私もMLBの自然な歓声の沸き上がる、選手の一挙手一投足が伝わってくるかのような空気感の方が好きですが。
侍ジャパン“最大の敵”はマイアミの異様な空気感? WBC決戦の地ローンデポ・パークの支配人が明かす“パーティタウン計画”(杉浦大介)
https://number.bunshun.jp/articles/-/856879
主催者側の意図するところはわかるんですが。
まあ、その弊害として昔と違って、ライト層との観戦では外野席、野球ファンと行くときは内野席というような感じで、すみ分けないといけなくなりましたね。外野は、ゆっくり野球を観戦するには不向きな場所になりました・・。
あの応援がなければ、今のプロ野球の繁栄がなかったのはその通りだと思います。ただ、応援団の人が、それ以外の観戦スタイルの人を全く意識しないようになってきているのが問題だと思います。
私はイングランドなどの海外サッカーも観ますが、あちらは大勢で歌うチャントこそあれ、それとは別に個人個人でそのときの感情を発してる(黙っていることも含めて)人達もたくさんいて、観戦の仕方が熟成しているなと感じます。

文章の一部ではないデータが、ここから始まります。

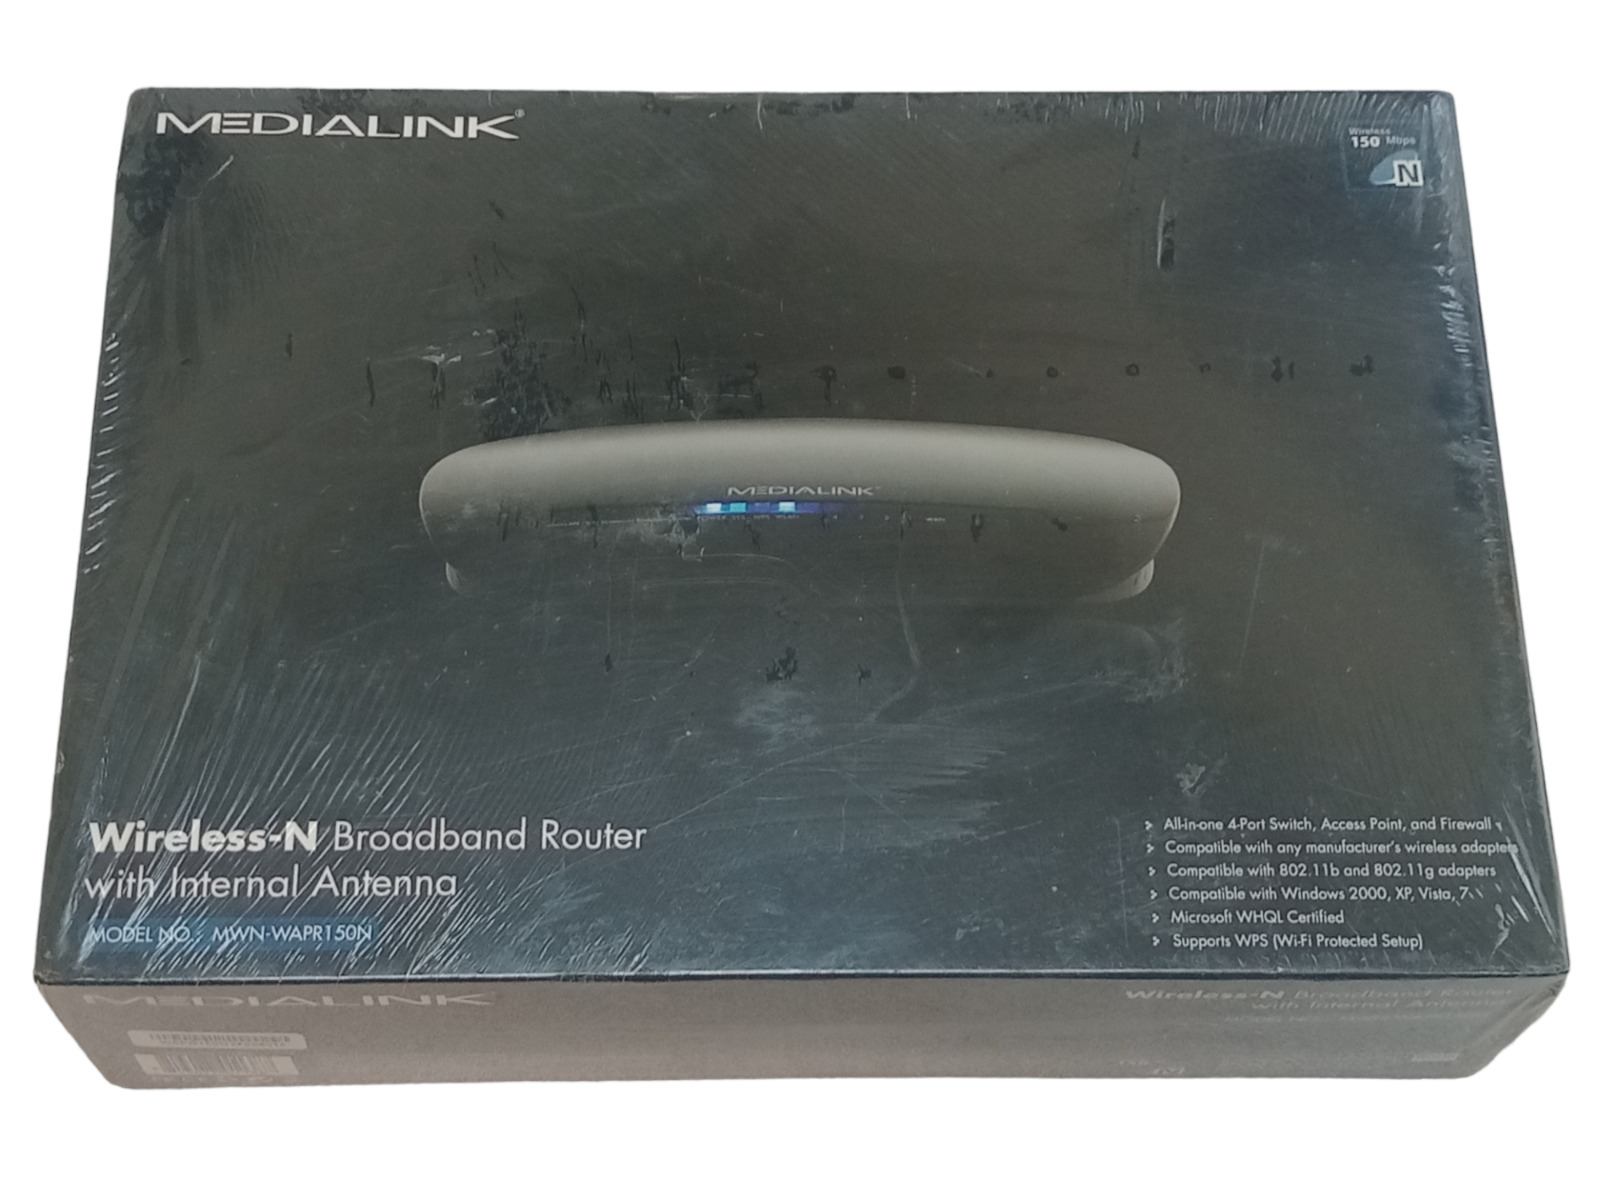 Medialink MWN-WAPR150N 150Mbps 4-Port 10/100 Wireless N Router | New/SiOP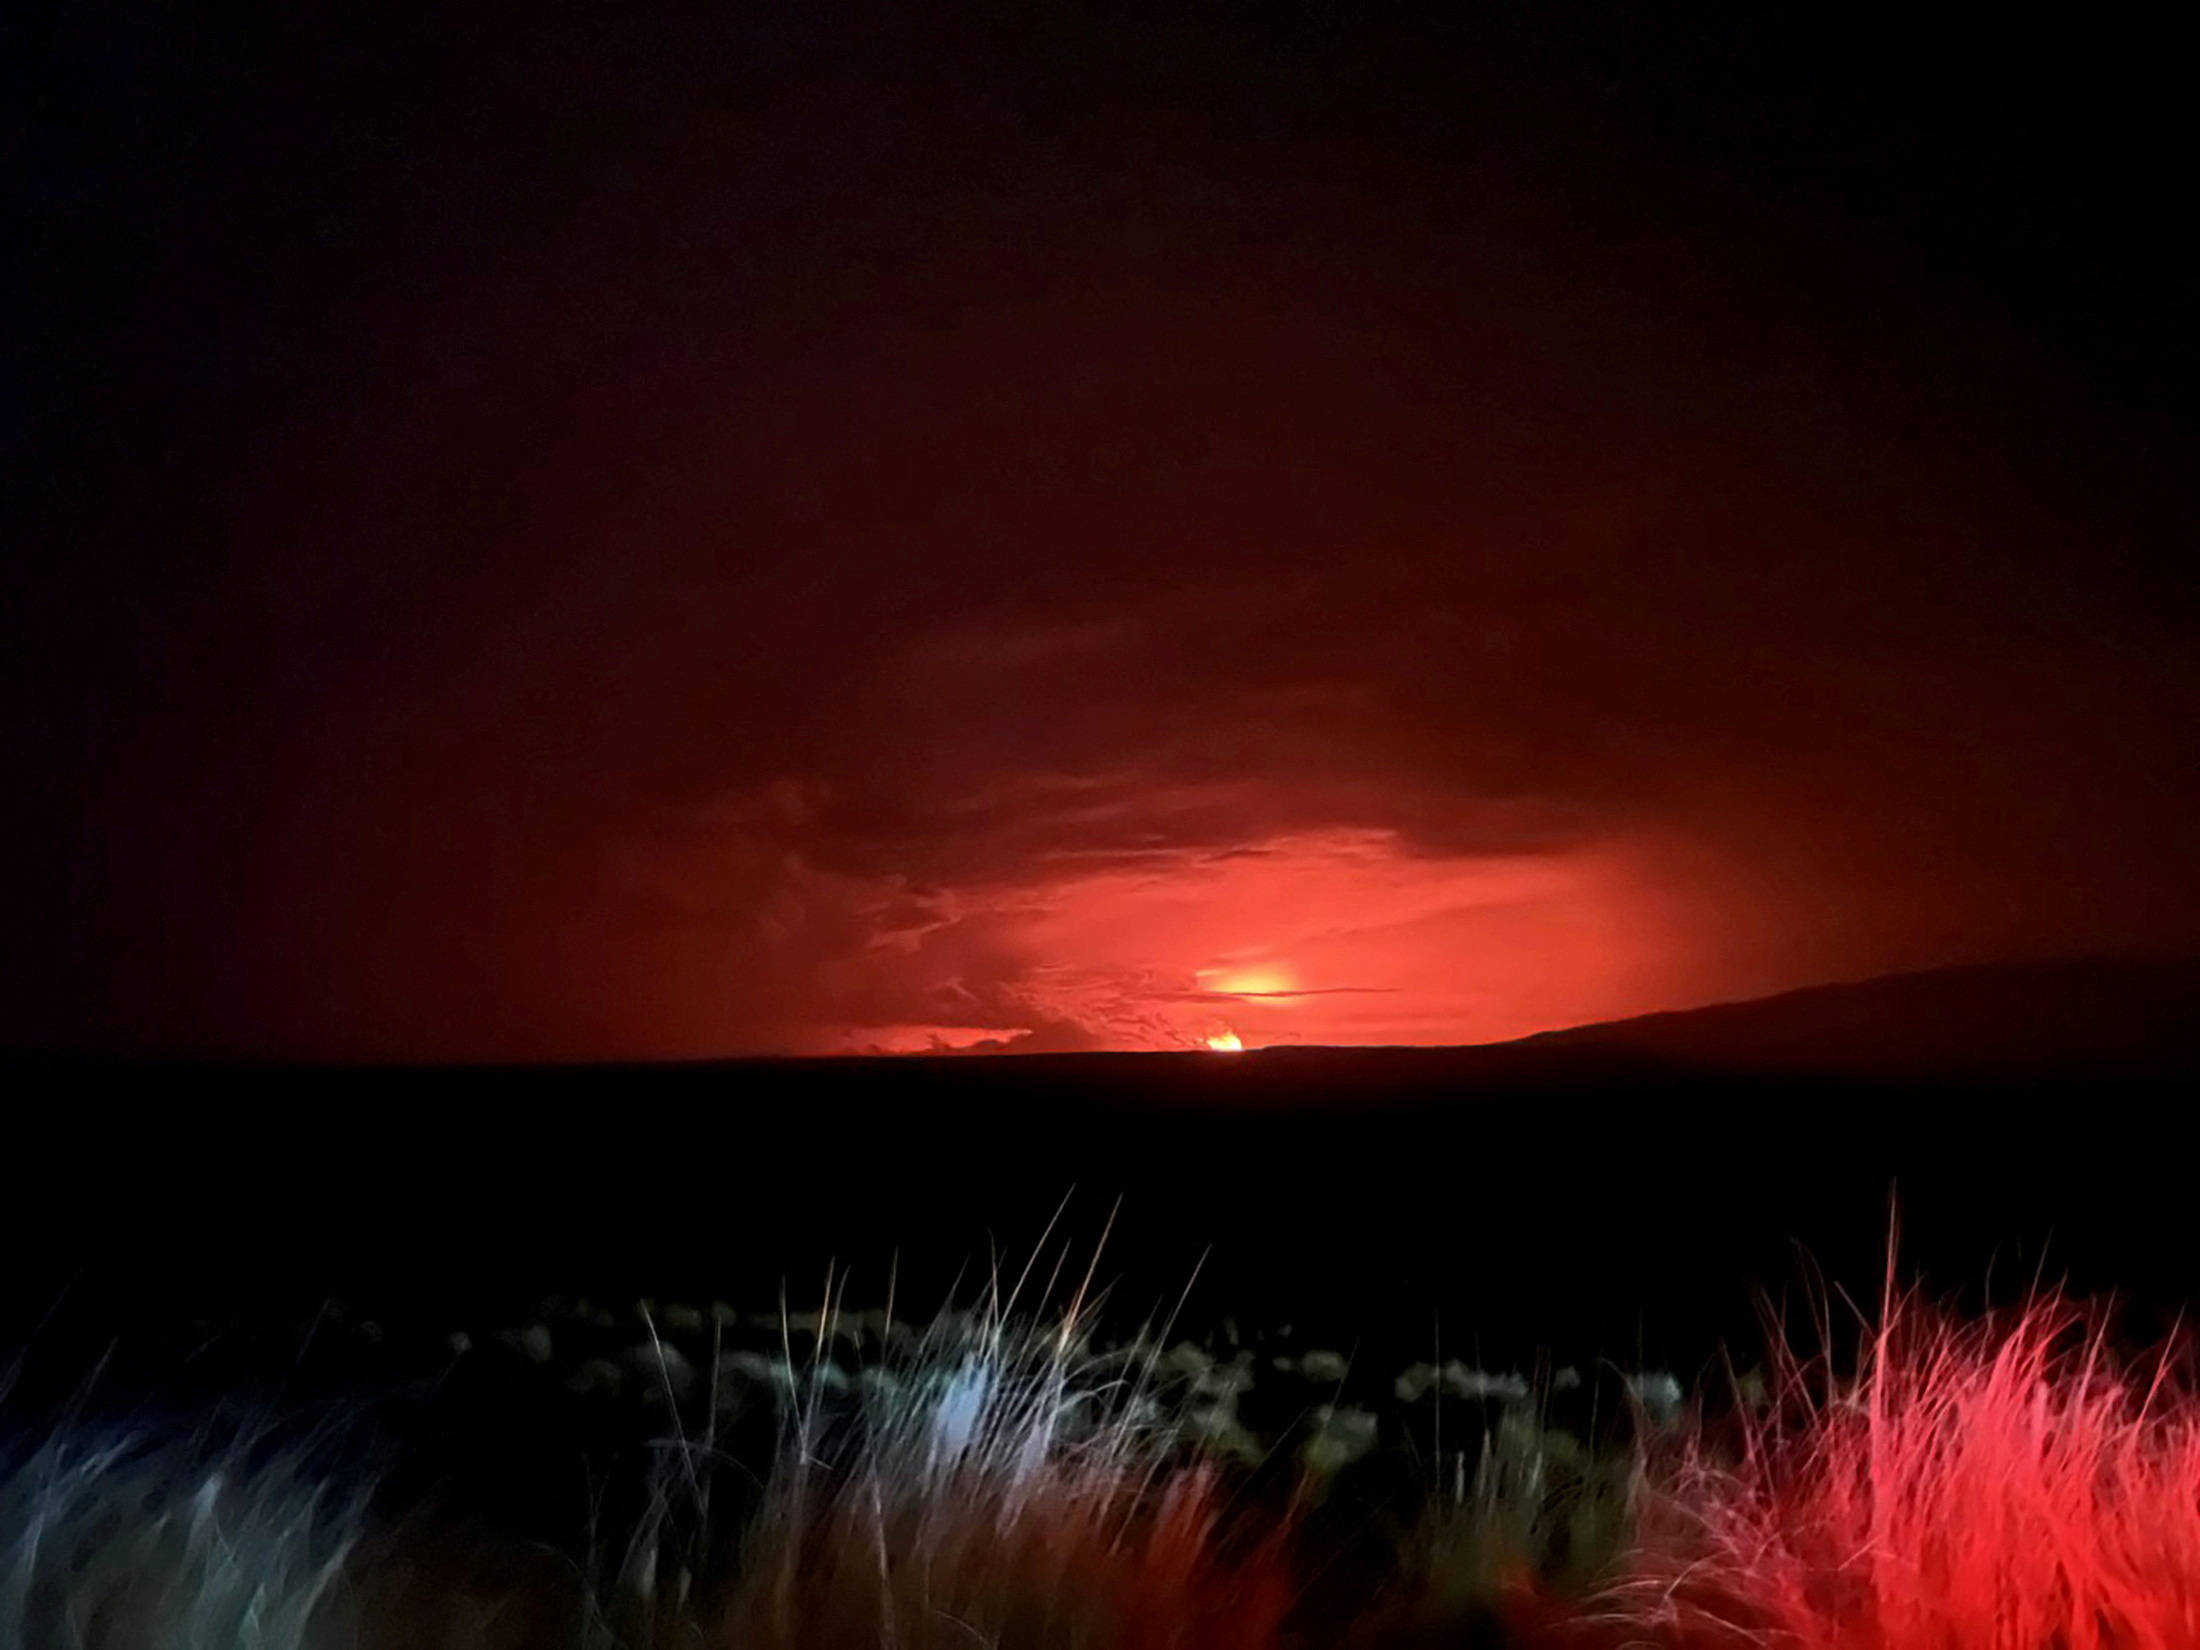 Mauna Loa’s summit region glows during an eruption as viewed by a geologist of the Hawaiian Volcano Observatory

日本の投手の1球1球にほぼ全観客が固唾を飲んで見守り、ワンプレーに拍手やため息が交錯する雰囲気が本当に良かったです。
あと目を離していてもバットに当たった打球音で当たりが分かるのも良いですね。
しかし変に本場アメリカで日本式応援が褒められちゃったんで、ますます市民権を得てしまいました。
桑田真澄さんがちょっと前に提案いましたが、せめてネクストバッターズサークルから打席に入る前だけで鳴り物を止められないかという折衷案でも取り入れてくれませんかね。
それ以外の打者がバッターボックスに入る前、投手交代とか攻守入れ替えの時はどんちゃんしてもまあイイけど、3時間以上ぶっ続けで鳴り物は観戦してても煩くて堪らないですわ。